Люди как боги - Уэллс Герберт Джордж - Страница 31
- Предыдущая
- 31/59
- Следующая
Девяносто девять из каждой сотни этих людей на всю жизнь – с детства до старости – были бы обречены делать одно и то же тяжелое дело: зарабатывать себе на хлеб. И повсюду стали бы расти питаемые суевериями храмы и часовни, кормя паразитические орды священников, монахов, монахинь. Еда и продолжение рода – простейшие формы общественной жизни, возникшие вместе с человеческим обществом, сложность добывания пищи, ухищрения, стяжательства и дань страху – такова была бы картина жизни людей на Земле, на любом сколько-нибудь солнечном и плодородном ее клочке. Конечно, и там слышались бы иногда взрывы смеха, веселые шутки, бывали бы редкие праздники, цвела бы кратковременная юность, быстро угасающая в труде зрелых лет; но подневольная работа, злоба и ненависть, порождаемые скученностью населения, неуверенность бедняка в завтрашнем дне – вот что господствовало бы над всем. Дряхлость настигала бы человека в шестьдесят лет, к сорока годам женщины выглядели бы изнуренными и старыми.

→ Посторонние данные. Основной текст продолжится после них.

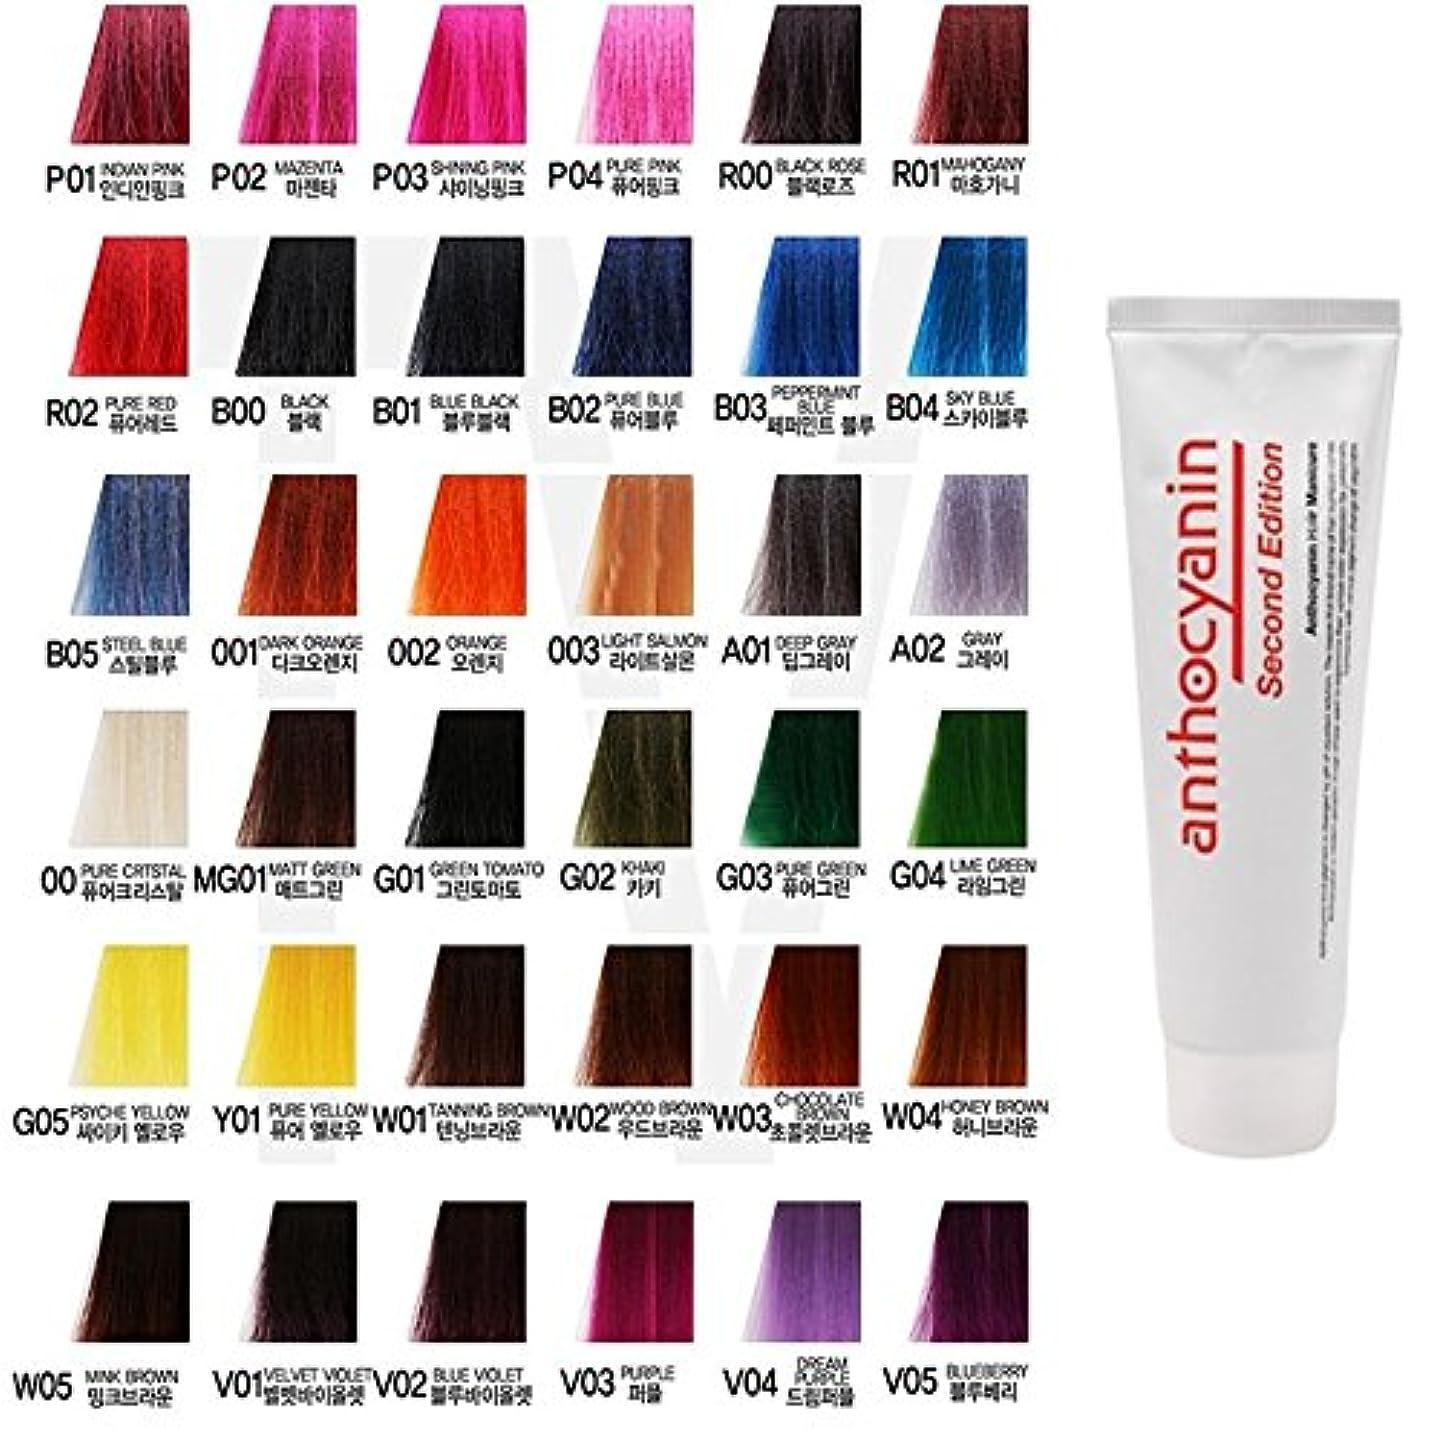 抱擁コンパス大脳ヘア マニキュア カラー セカンド エディション 230g セミ パーマネント 染毛剤 ( Hair Manicure Color Second Edition 230g Semi Permanent Hair Dye) [並行輸入品] (WA03 Mud Brown)
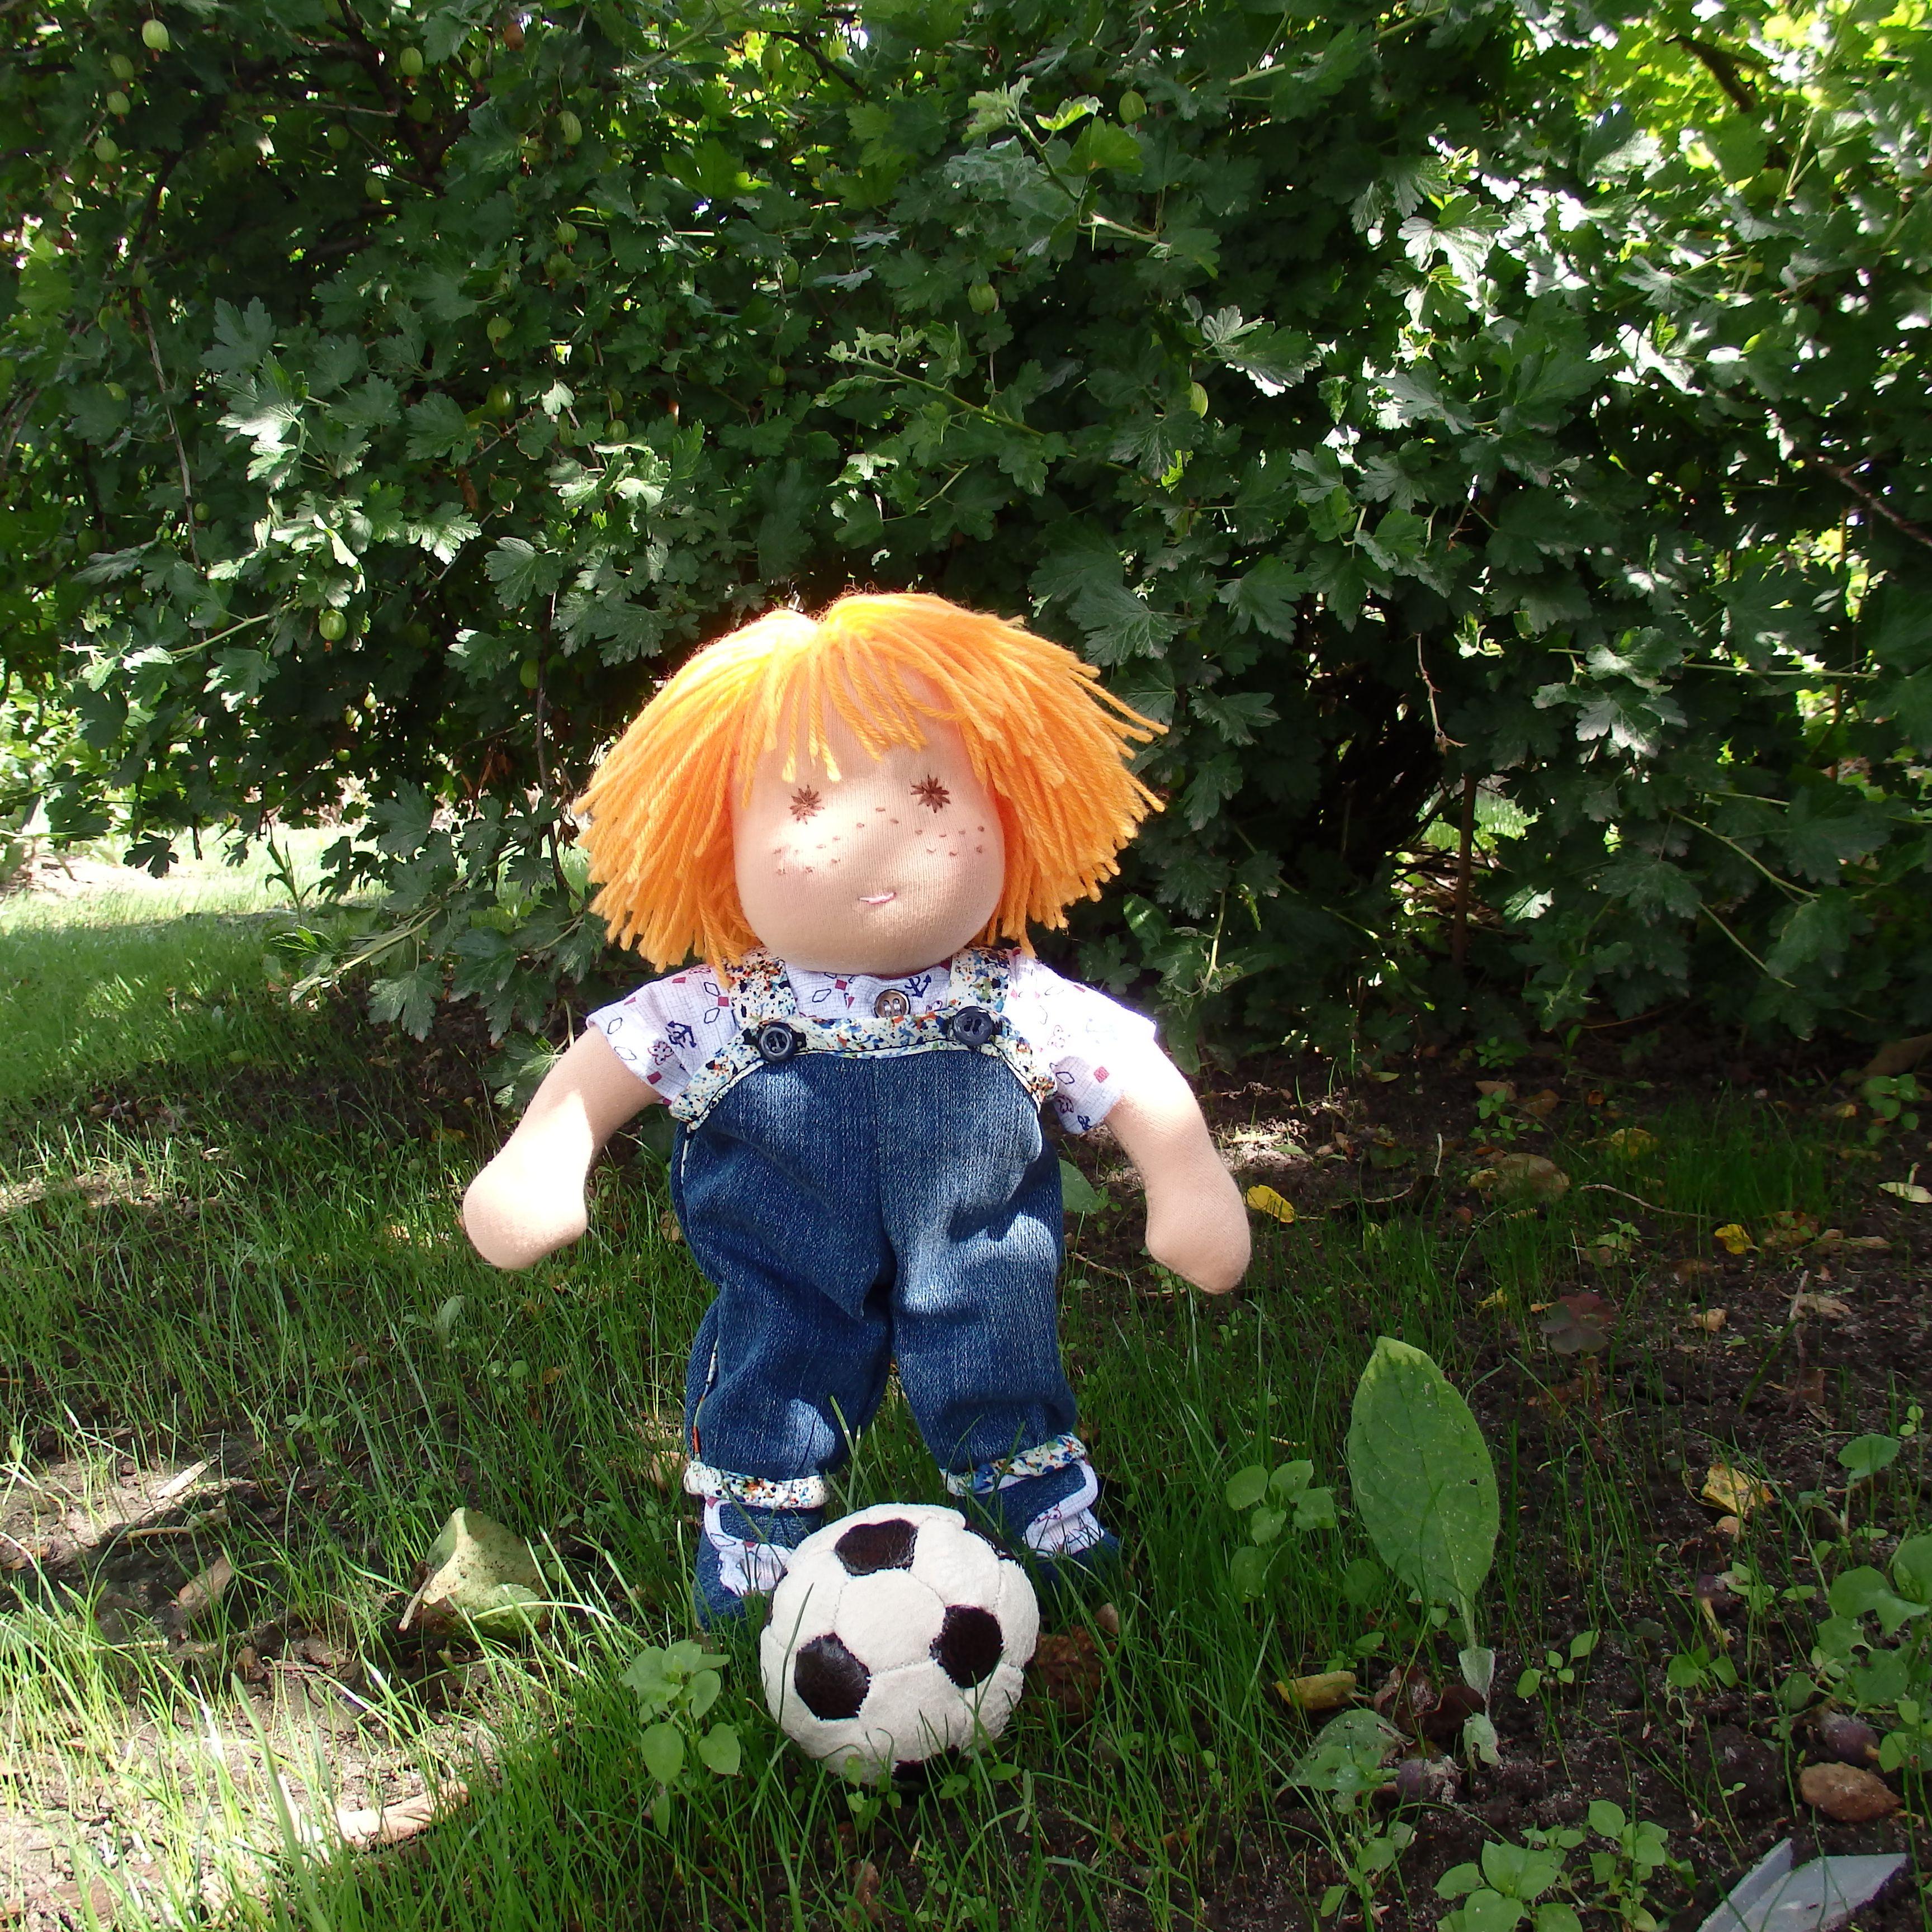 вальдорфскаякукла кукламальчик футболист куклавподарок вальдорфская подарокмальчику длядевочки игроваякукла подарок

Но равнина Утопии, лежащая там, внизу, такая же солнечная и плодородная, по-видимому, живет по совершенно иным законам. Прежняя человеческая жизнь с ее древними обычаями, старинными сказаниями и шутками, повторяемыми из поколения в поколение, с ее зимними и летними праздниками, благочестивыми страхами и редкими удовольствиями, с ее мелкими, упрямыми и по-детски жалкими надеждами, с ее вездесущей нищетой и трагической безысходностью – такая жизнь здесь отошла в прошлое. Она навсегда исчезла из этого более зрелого мира. Великий поток примитивного человеческого существования здесь отступил и иссяк, а почва осталась все такой же благодатной и солнце – таким же ярким.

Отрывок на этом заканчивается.